O convite para o desfile. E lembrou de uma cena que havia acontecido naquele local a alguns meses atrás.

- Antes de irmos... - Disse enquanto se levantavam, fazendo Vitória voltar sua atenção à ela.

- Sim?

- Não quero fazer você me prometer nada, ok?

- Ok...

- Quero que esteja aqui no ano que vem.

- Eu prometo estar aqui no ano que vem. - O sorriso que deu, refletiu em Ana.

Não havia se esquecido de sua promessa um dia sequer e aparentemente nem Ana. Não esperava que ainda estivesse convidada, embora houvesse acabado de um modo em que não teve estranhamento de qualquer parte, não imaginava que Ana ainda a queria em seu desfile. Seu coração se encheu e moldou um sorriso aberto em seu rosto. Acompanhou de perto toda a expectativa que Ana tinha para o primeiro desfile única e exclusivamente seu, seus cuidados e preocupação para que tudo saísse como o planejado e até fez favores em relação a isso em São Paulo quando Ana já estava em Milão. Ainda era importante para Ana que estivesse lá e continuava sendo importante para si também estar lá. Não negaria esse convite. Havia prometido e não costumava não cumprir suas promessas.

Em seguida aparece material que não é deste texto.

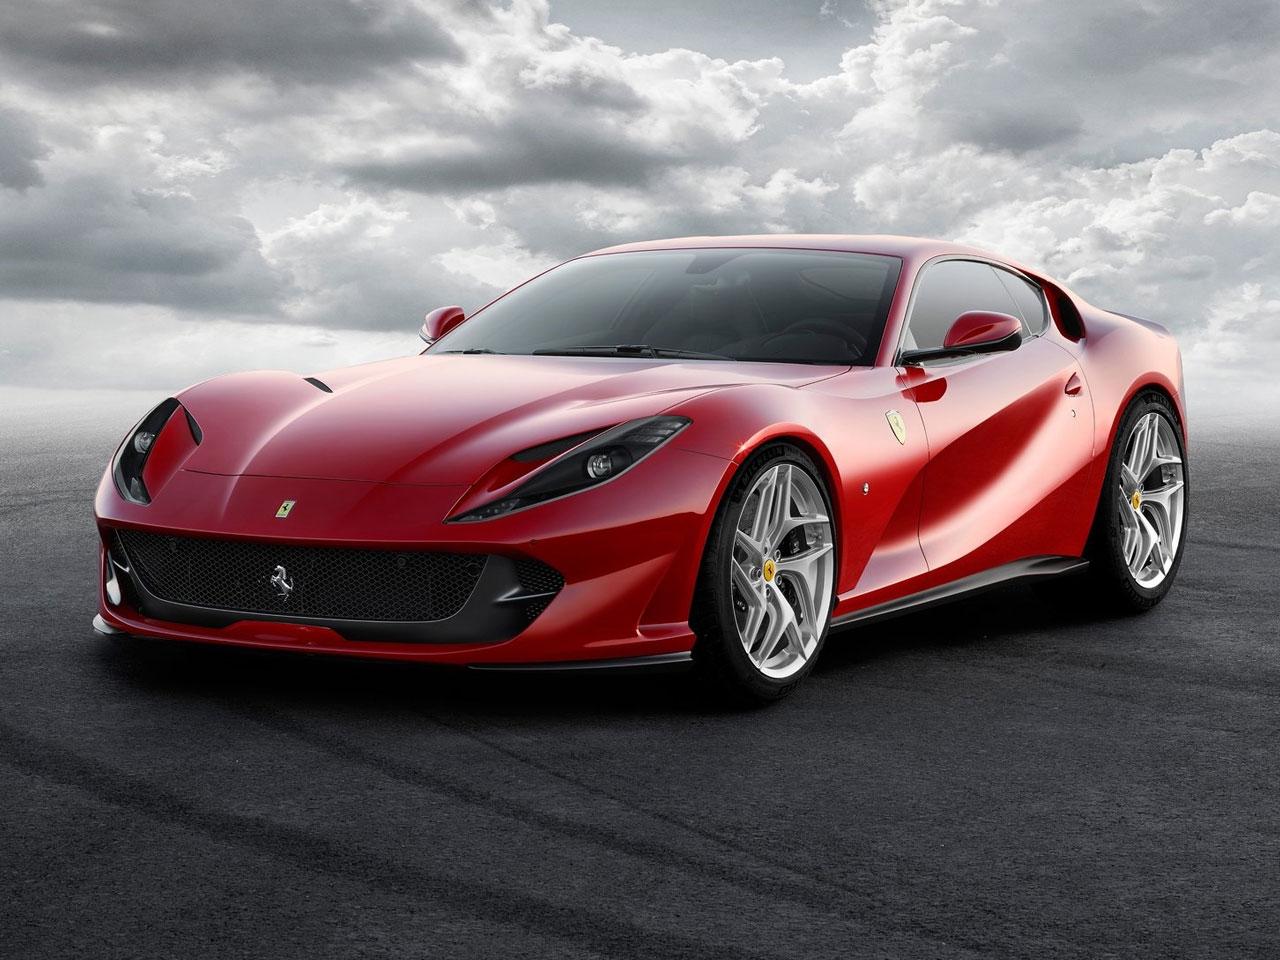 Coches Ferrari Todos Los Modelos Y Precios De Ferrari Autobild Es

Soube que Ana estaria voltando à São Paulo nessa semana através de Flávia, a amiga mantinha mais contato com Ana do que ela mesma. As poucas vezes em que falara com Ana nos últimos quatro meses fora apenas a mesma conversa que tinham antes, somente para saber como a outra estava. Nenhuma ousou tocar no assunto que ainda as assombrava e talvez fosse melhor assim, cutucar a ferida que custava sarar só faria sangrar mais.

Sempre acreditou que o tempo curava tudo. Era cheia de cicatrizes e Ana ainda seria mais uma, talvez a maior e a que ficaria mais evidente, porém não estava nem perto de a ferida ser fechada. Suas noites de sono eram sempre interrompidas quando acordava assustada depois de um sonho com Ana. Ecoavam em sua cabeça as palavras ditas uma vez a ela após esse ocorrido que se tornara frequente.

- Eu posso comparar você a um sonho. Um sonho bom. Talvez o melhor sonho da minha vida, do qual eu jamais quero acordar. - Trouxe Ana sobre seu peito, lhe dando um selinho e um beijo em sua testa após colocar seu cabelo atrás da orelha. Seus sonhos sempre traziam de volta uma nova versão de momentos que já vivenciaram juntas e servia como combustível que fazia funcionar a ilusão de que um dia poderia voltar a se tornar real. Ana havia colocado um sol em seus dias nublados e apesar de ter partido, deixara aquele sol ainda brilhando, embora os dias nublados ainda acontecessem, tinha a certeza de que o arco-íris voltaria e logo em seguida as nuvens escuras iriam embora.

Tinha a consciência limpa por ter sido um relacionamento tão bonito, por terem se encaixando de modo tão harmonioso e de terem eternizado como algo bom. Como Ana havia dito na última vez em que se viram na chamada de vídeo: se continuassem, iriam estragar o que havia sido ótimo e seria injusto demais para ambas que manchassem a tela em que desenharam aqueles meses juntas de modo tão caprichoso. Ainda usava o colar que Ana lhe presenteara numa madrugada que guardara em sua memória e em seu coração como uma das mais importantes durante o namoro.

- É para ter um pouquinho de mim com você.

- Já tem muito de você comigo, em mim.

E, de fato, ainda tinha.

Poderia tirar o colar.

Poderia jogar fora algumas coisas que Ana esquecera em seu apartamento, como a blusa que ainda usava também. Mas era impossível tirar Ana de si e mesmo se fosse possível, não queria. Sentia seu coração descompassado quando a melhor amiga surgia com algumas mensagens ou fotos enviadas pela ex namorada. Ana não havia perdido o brilho em seu olhar, sua vida parecia tomar o rumo certo mesmo que não estivesse junto nessa e a admirava tanto por isso. Ana, ao seu ver, tinha um espírito tão livre e era satisfatório vê-la honrar o que estava predestinada a ser. Ver sua liberdade fazia seu coração bater no ritmo que o seu amor por ela ditava.